To minimize any conflict of interest, Kronenberg said he and Green stayed out of negotiations with Internist Associates and board discussions related to the deal.
U.S. hospitals went on a physician practice buying binge in the 1990s as a way to increase patient volume. That strategy turned out to be a prescription for financial disaster for Crouse and other hospitals.
Many hospitals lost money because they paid too much for practices and did not know how to manage them, according to Tom Dennison, a health care expert and professor at Syracuse University. “They gave physicians sweet deals, incurred huge capital debt and that was disastrous,” he said.
At one point, Crouse had eight primary care practices. It lost more than $7.5 million on them. That was one of the factors that drove Crouse into Chapter 11 bankruptcy in 2001. It subsequently sold off or closed the practices. St. Joseph’s and Community General also closed or sold some practices they bought.
Kronenberg said hospitals learned from their mistakes and now manage physician practices differently. Doctors who become employees now have financial incentives to keep them productive. “If they slack off or work less, that will compromise their salary,” he said.
Experts say they expect to see other area practices sell out.
“There are a couple other big practices that are shopping themselves around,” Dennison said.
He said the trend may bode well for patients if it means they get better care from a streamlined system and can avoid hospitalization or unnecessary emergency room visits.
St. Joseph’s Hospital Health Center is not actively looking to buy practices, said Kerri Ganci, a hospital spokeswoman. St. Joe’s already owns four primary care practices. “But we are hearing from physicians who want to be employed,” she said.

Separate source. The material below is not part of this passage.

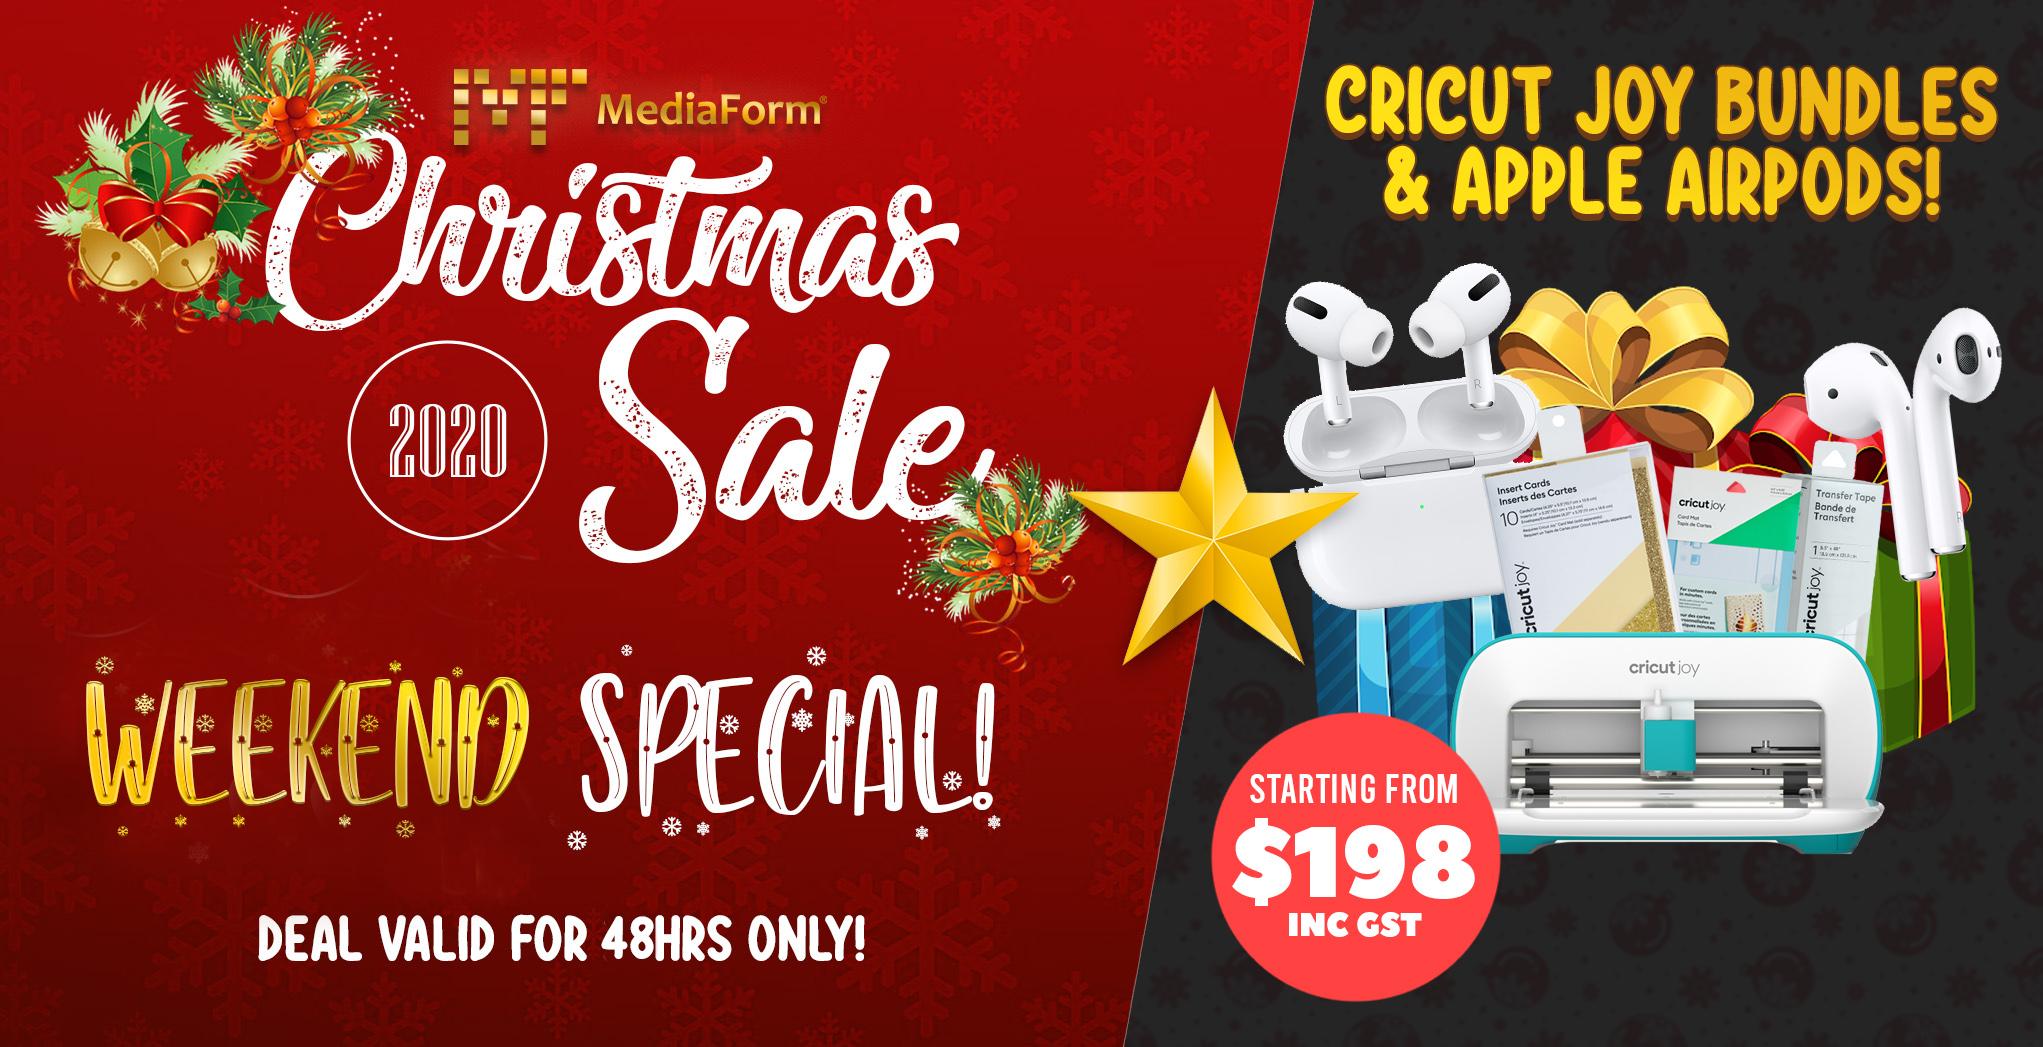 Weekend Deals: Cricut Joy & Apple AirPods

Community General is not looking to buy practices, said Tom Quinn, Community’s president and CEO. To position itself for the changes coming in health care, Community is seeking to merge with Upstate University Hospital.
“For a stand-alone hospital to take on the investment and management and risk of employing many physicians is a huge task, a huge investment and a huge risk,” Quinn said. “Hospitals here and elsewhere have failed at this before. That’s why we’re looking to develop initiatives with University Hospital, with its larger base, its broader specialty panel and its established employment opportunities, at the same time we continue to work with private practitioners.”
George Chapman, a Syracuse health care consultant, said hospitals are asking him to evaluate doctors’ practices as potential acquisition targets. He’s also hearing from practices considering selling out.
Interest in hospitals buying practices is particularly keen in rural one-hospital towns, where hospitals and private practices are finding it hard to recruit doctors, he said.
“They have to be on the same page when it comes to recruiting doctors,” Chapman said. “They cannot be seen as competitors.”
The trend also is being fueled by new doctors who would rather be employed than be partners in private practices, according to Chapman.
“They are looking for set hours and want to maintain a quality of life,” he said.
Declining insurance payments have made it less lucrative to be a partner in a private medical practice, he said. Doctors typically have to buy in to a practice to become a partner. They used to be able to recoup their money in one to three years, Chapman said. Now it takes much longer because of shrinking reimbursements. Many young doctors can make just as much money employed by a hospital, he said.
Hospitals getting into the physician practice acquisition game are a lot smarter now because they learned from the mistakes made in the 1990s, according to Chapman.
“They seem to be doing it now for the right reasons,” he said.
Kronenberg said Crouse may buy other practices, but it will proceed with caution.
“We want to get this right,” Kronenberg said. “We don’t want to do too many different things at the same time.”